• What the task asks
Leave out the pictures and restate exactly, and only, the lines from the one that contains "モンスター 悲鳴 42の未再生の波形" through the final line of the material below.

━━━ Collected data ━━━

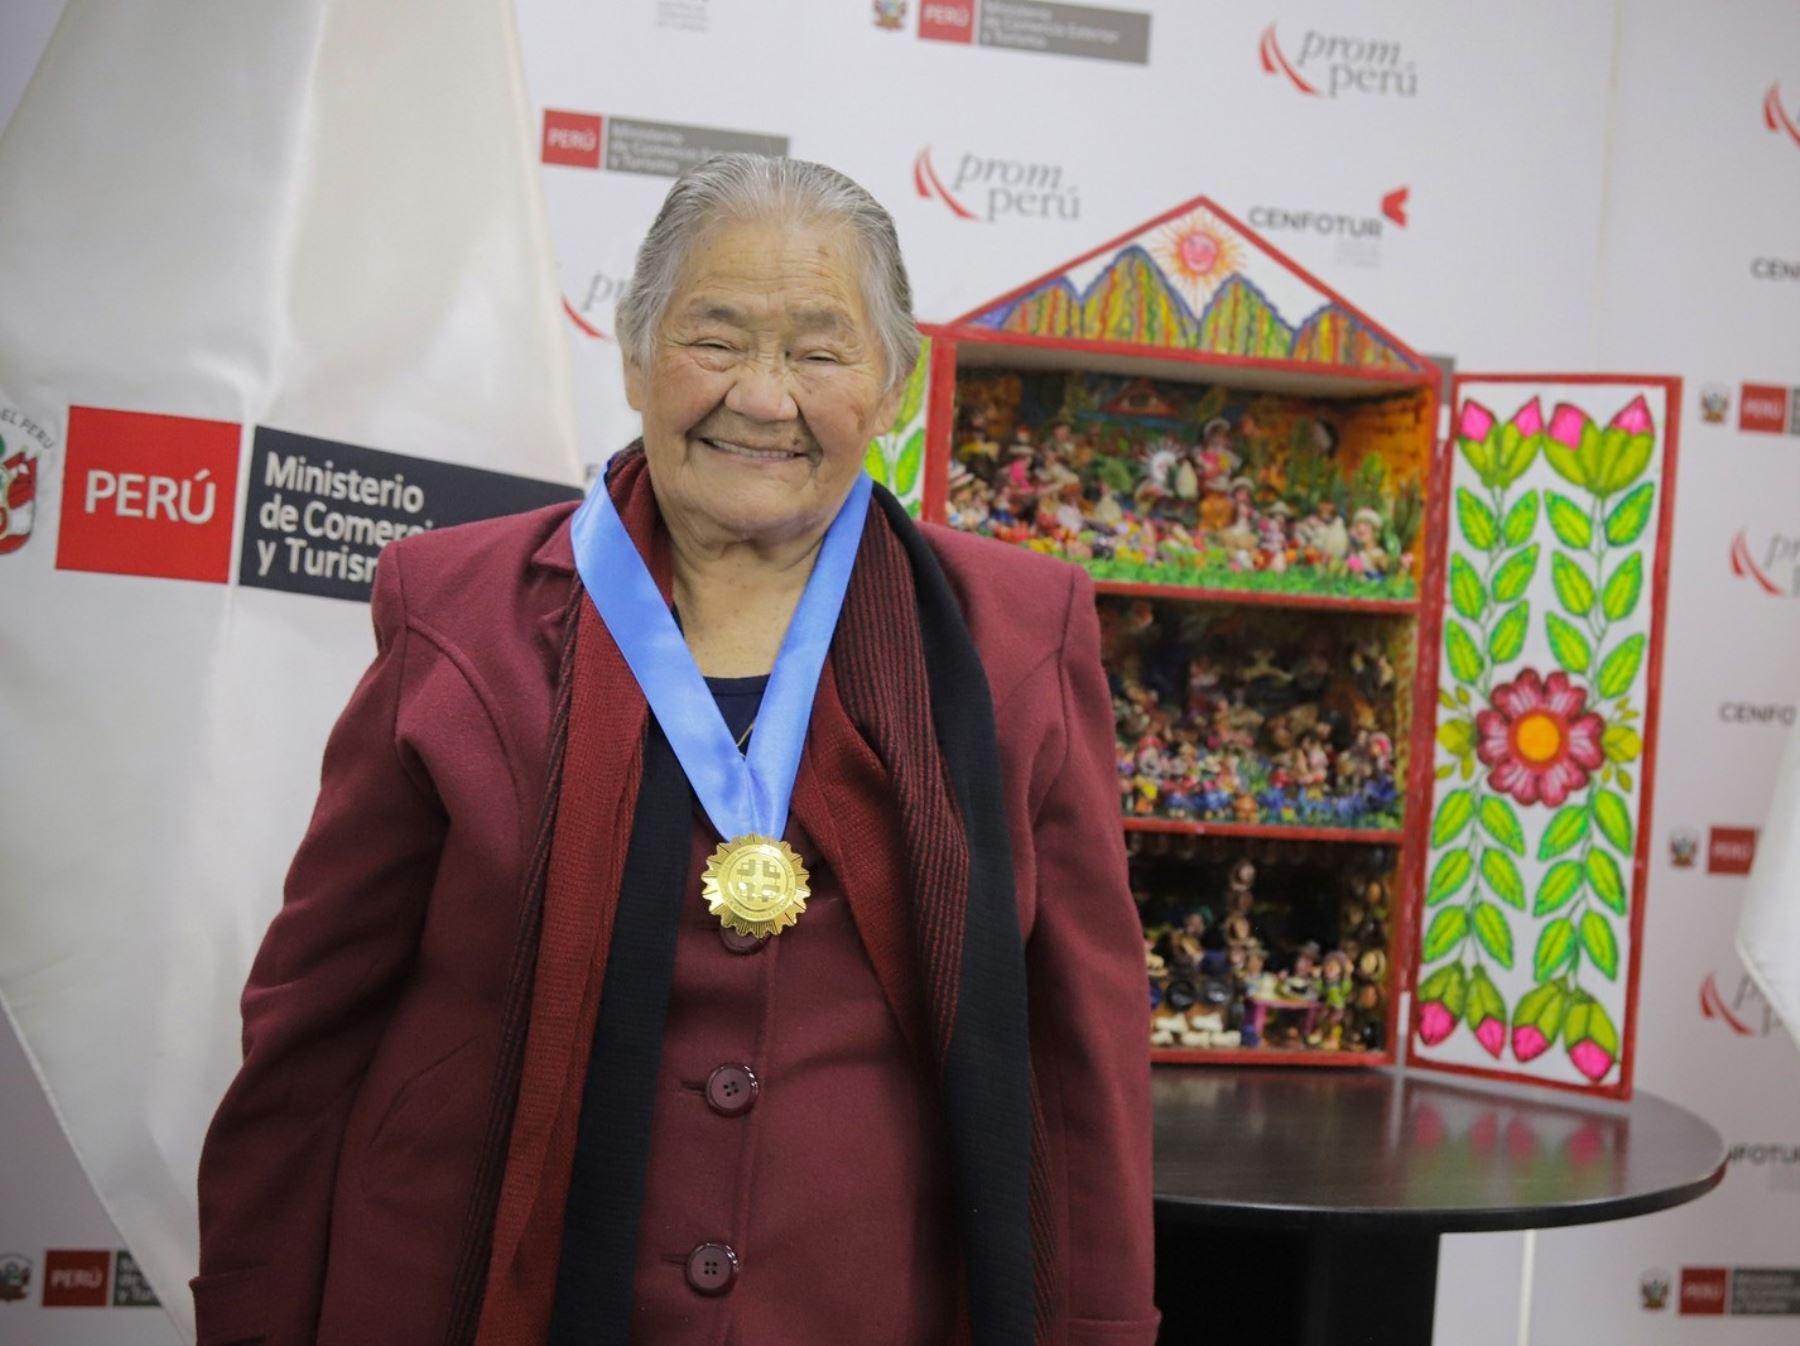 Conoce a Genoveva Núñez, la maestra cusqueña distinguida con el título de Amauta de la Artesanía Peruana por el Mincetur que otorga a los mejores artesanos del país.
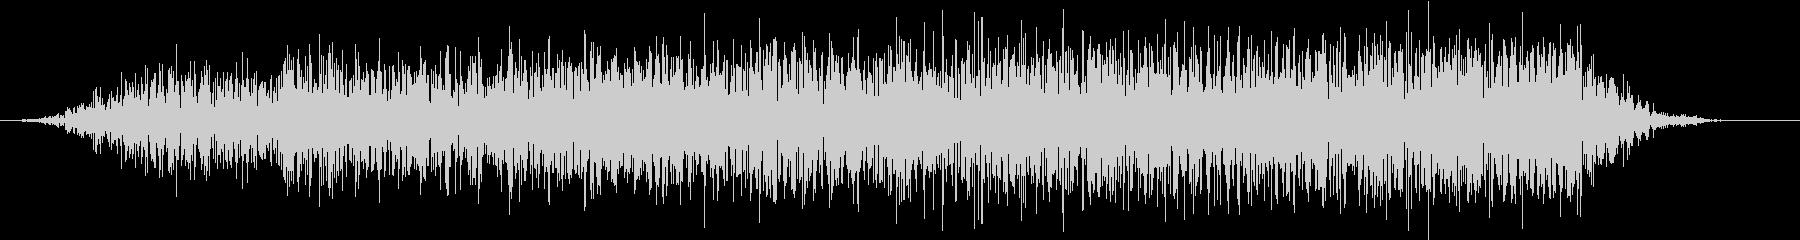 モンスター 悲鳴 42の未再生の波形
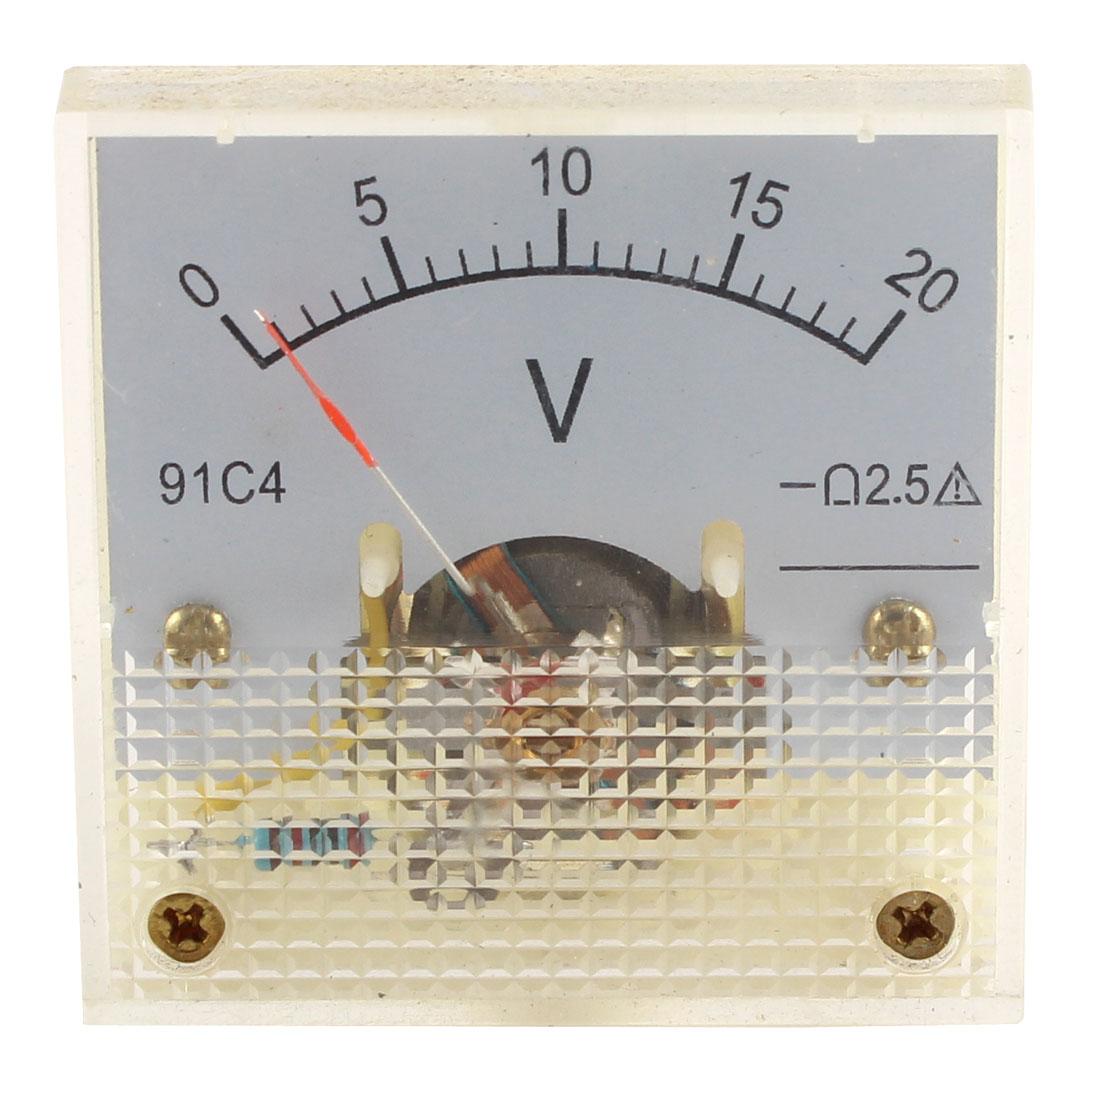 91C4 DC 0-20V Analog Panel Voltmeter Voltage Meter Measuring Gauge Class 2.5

━━━

• Answer to the exercise
 モンスター 悲鳴 42の未再生の波形
 91C4 DC 0-20V Analog Panel Voltmeter Voltage Meter Measuring Gauge Class 2.5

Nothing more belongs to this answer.